Sírios desabafam raiva de Sharon em manifestação maciça
Robert Fisk
Milhares de manifestantes nas ruas de Damasco. Meio milhão. Um milhão. Não houve meio de se avaliar. Mas houve uma certeza. Nada - mas nada mesmo - acontece na Síria sem a permissão do governo.
Portanto, a demonstração sem precedente realizada ontem contra a ocupação israelense e em apoio ao levante palestino na Cisjordânia e Gaza foi a forma que o presidente Bashar Assad encontrou para dizer aos líderes árabes seus companheiros que não haverá subterfúgios na reunião de cúpula esta semana em Beirute.
A multidão teve uma rara oportunidade de gritar insultos contra os Estados Unidos e de ameaçar de morte o primeiro-ministro israelense - considerado como "pessoalmente responsável", por uma comissão de inquérito israelense, pelo massacre de 1982 nos campos de refugiados de Sabra e Shatila, em Beirute. "Açougueiro Sharon - seu sangue será derramado pelos árabes" rugiam os sírios. Faixas exigindo um boicote aos produtos americanos e uma bandeira americana - um cansado gesto simbólico de toda demonstração anti-americana - foi queimada.

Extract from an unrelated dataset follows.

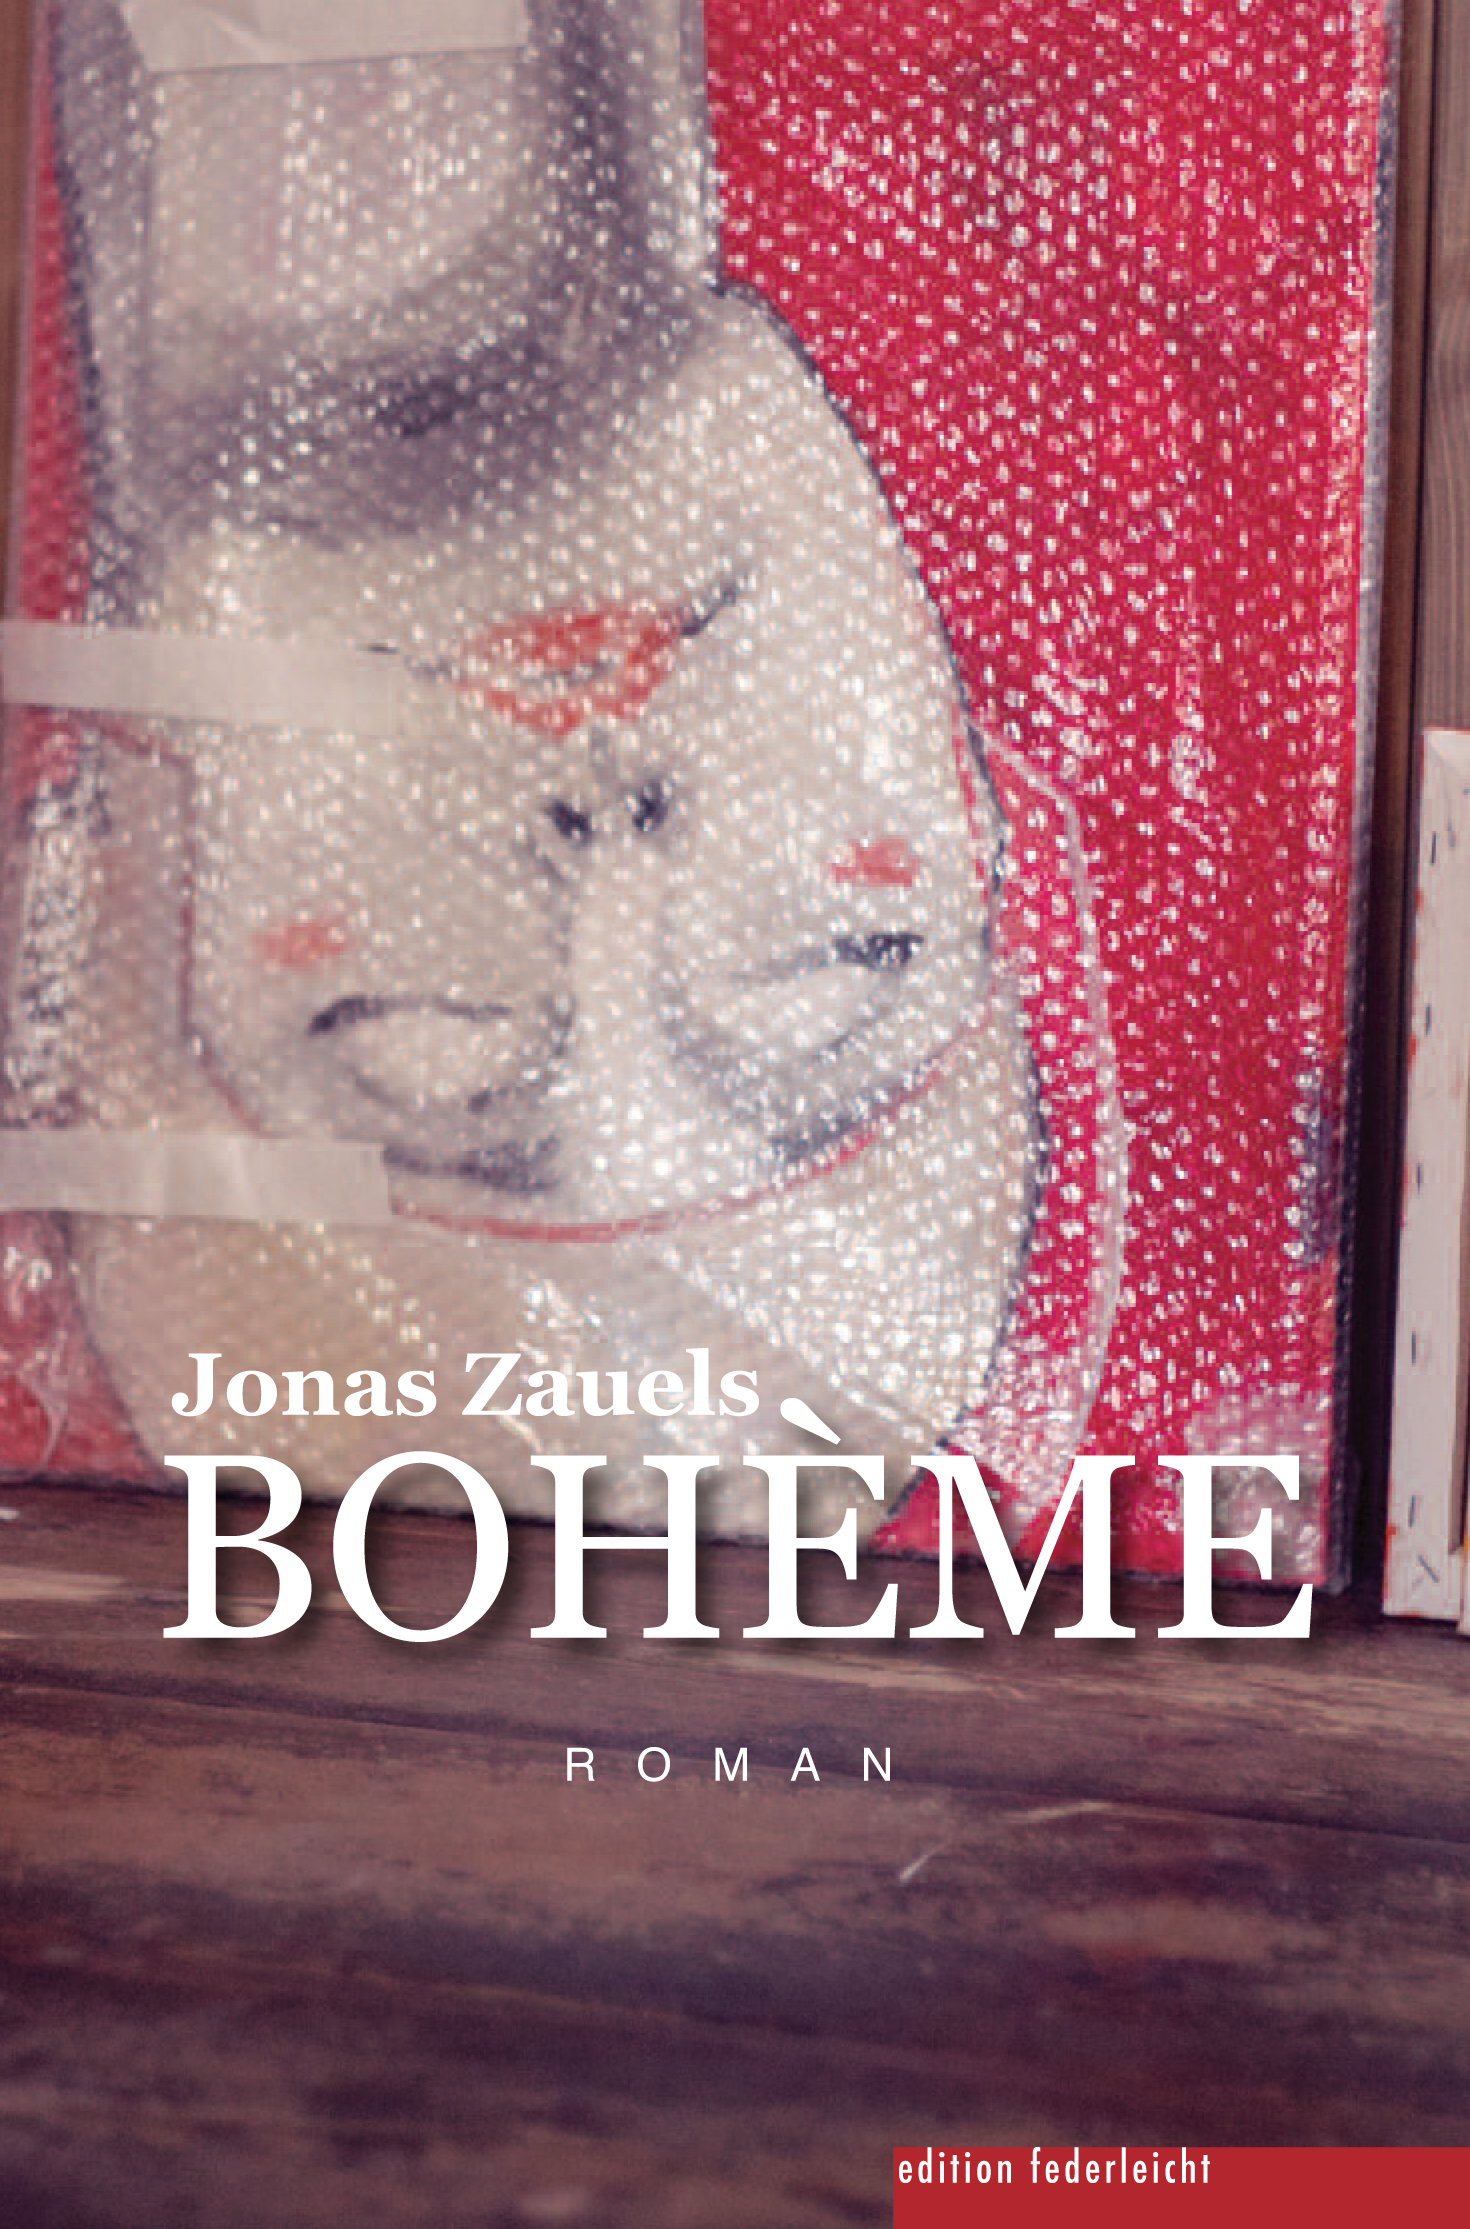 Jonas Zauels liest aus seinem Roman BOHÈME

Foi uma forte expressão da ira oficial síria ante o colapso da política americana no Oriente Médio e o fracasso de Washington em lidar com palestinos e israelenses. O governo fechou todas as escolas e escritórios em Damasco para que estudantes e funcionários civis pudessem participar da manifestação enquanto milhares de policiais sírios eram empregados no Quarteirão Omíada, ao lado do antigo mercado e próximo à mais bela mesquita da capital, para impedir que a multidão repetisse o ataque de dois anos atrás, à residência do embaixador americano.
A mensagem foi clara. O "plano de paz" saudita - um fim para a ocupação israelense em troca do reconhecimento e normalização das relações - não chega nem perto das exigências da Síria: é preciso que Israel se retire antes de qualquer reconhecimento diplomático, que acabe com a ocupação no lado sírio das Colinas do Golã e aceite o "direito de retorno' de mais de 3.5 milhões de refugiados palestinos.

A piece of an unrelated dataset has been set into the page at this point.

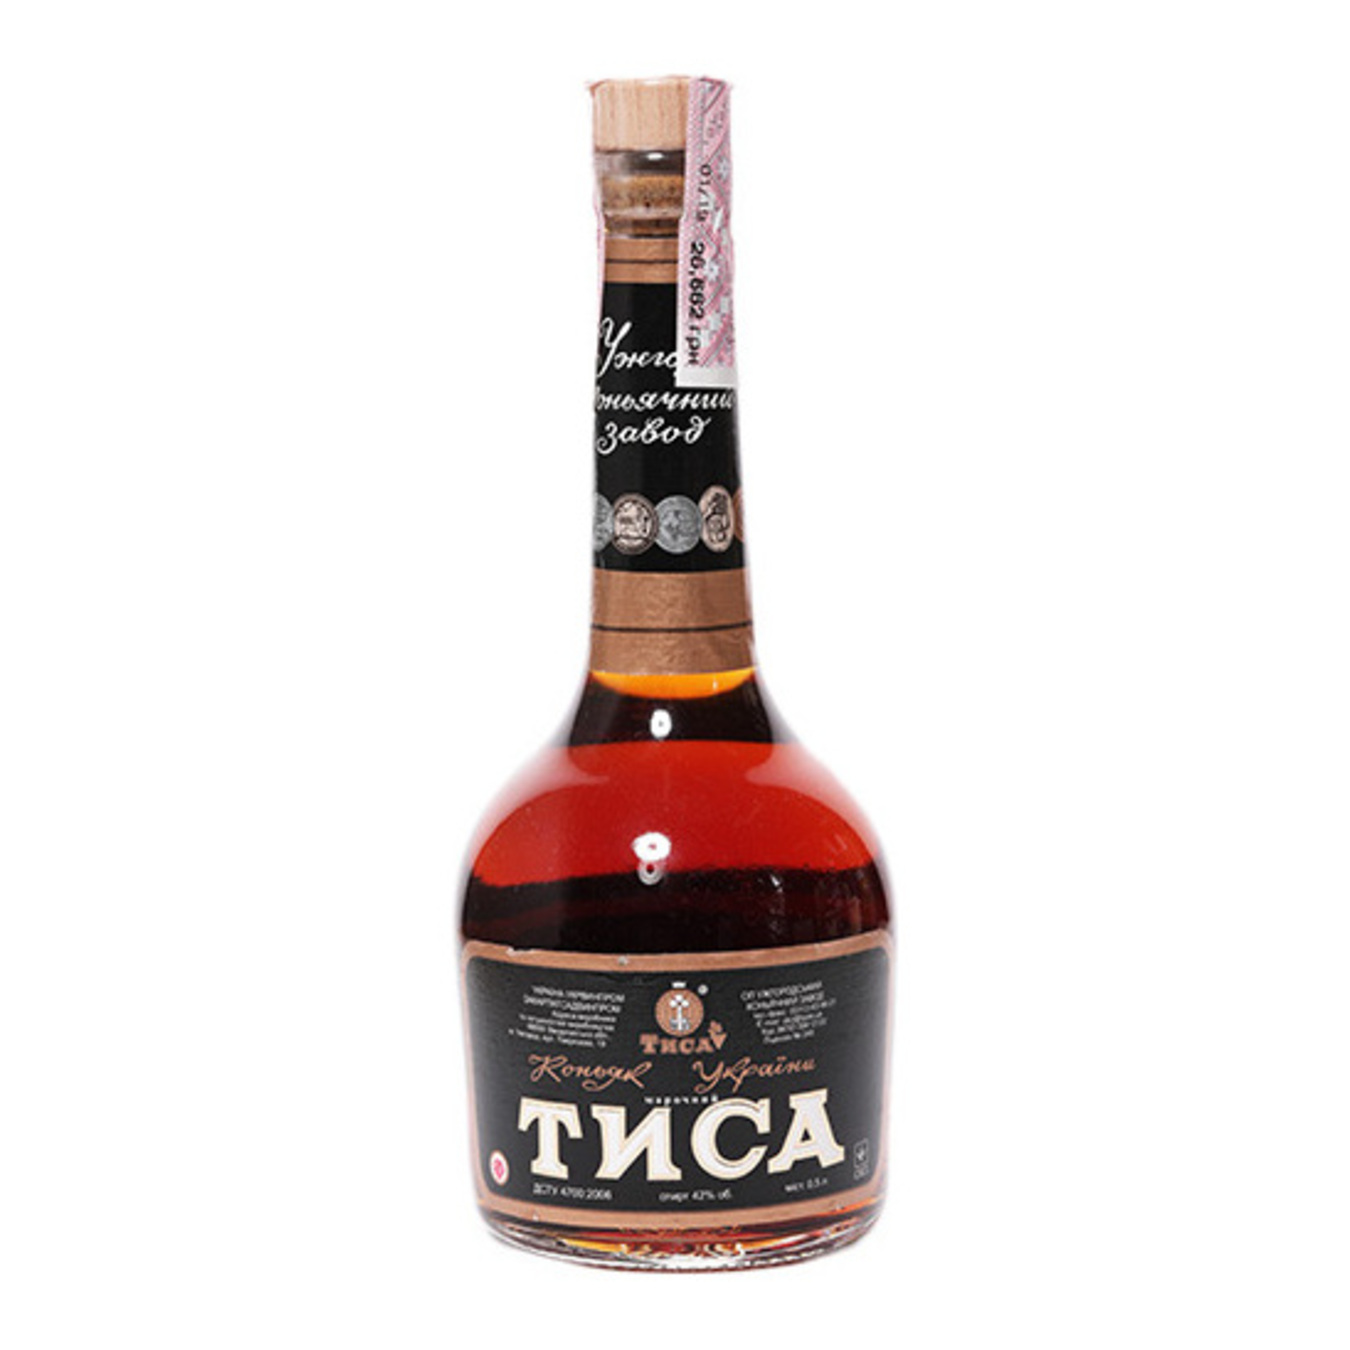 Tisa 6 yrs cognac 42% 0,5l

A idéia de que os israelenses devem concordar que tantos milhões de palestinos retornem ao território dentro de Israel é tão improvável quanto a proposta fantasiosa de Sharon no fim-de-semana, a de que ele viajaria a Beirute no lugar de Arafat para falar na cúpula árabe.
Na verdade, se pudessem por as mãos nele, libaneses e sírios por certo que acusariam Sharon de criminoso de guerra - não só por causa dos advogados do primeiro ministro israelense em Bruxelas, o cenário das atuais tentativas de indiciá-lo pelo massacre de Sabra e Shatila, dão a idéia de que qualquer julgamento deve acontecer em Beirute.
Mas, ainda que as manifestações de Damasco tenham sido patrocinadas pelas autoridades, não se pode duvidar de que elas refletiram o que muitos milhões de árabes acreditam: que os palestinos estão numa guerra de guerrilha contra a ocupação e que os Estados Unidos são um inimigo tão perigoso quanto Israel.
A Intifada, de acordo com um orador, o antigo major sírio, Ahmed Abdul Karim, representa "a honra e dignidade árabes", portanto, a retórica de Bush e Sharon sobre o "terrorismo" produz muito pouco efeito.
E nem é por acaso que grupos palestinos no grande campo de refugiado de Ein al-Hewe, no sul do Líbano, se declararam membros da Brigada de Mártires Al-Aqsa, a milícia responsável por muitos dos atentados suicidas a bomba em Israel.
Ninguém no Líbano acredita que haja uma ligação mais séria entre esses refugiados e os esquadrões suicidas palestinos.
Mas, o surgimento de rapazes em Ein al-Helwe com seus lança-foguetes e Kalashnikovs significa uma outra mensagem da Síria: o plano do Príncipe Abdullah não será aceito a menos que os refugiados palestinos sejam incluídos. A cúpula árabe desta semana, em outras palavras, será um passeio agitado.